GIVEN INFORMATION:

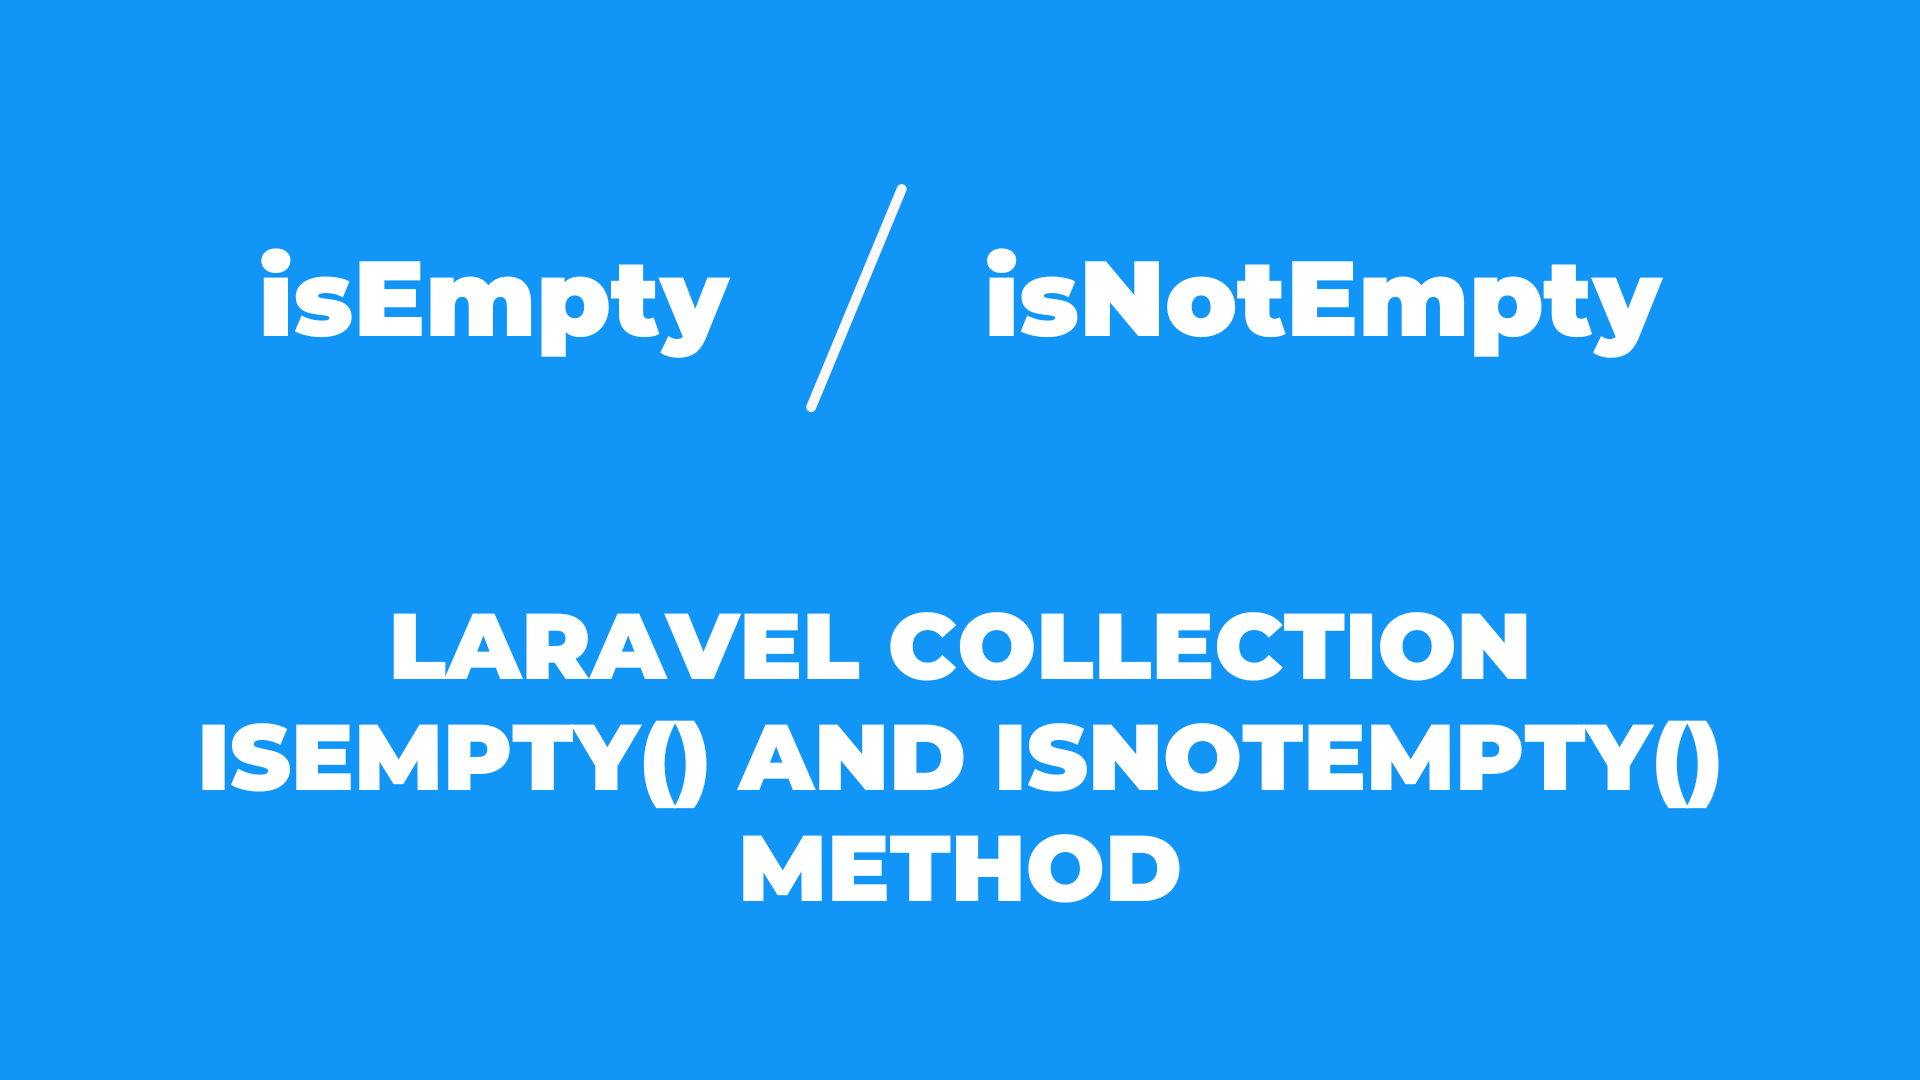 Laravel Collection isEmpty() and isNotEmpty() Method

...

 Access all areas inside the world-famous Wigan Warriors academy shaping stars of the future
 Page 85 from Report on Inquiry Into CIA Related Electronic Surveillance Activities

PROBLEM: I'd like the lines above from the one with "Access all areas" up to and including the one with "Page 85 from" copied exactly, with no other lines.

OUTPUT FOR THIS TASK:
 Access all areas inside the world-famous Wigan Warriors academy shaping stars of the future
 Page 85 from Report on Inquiry Into CIA Related Electronic Surveillance Activities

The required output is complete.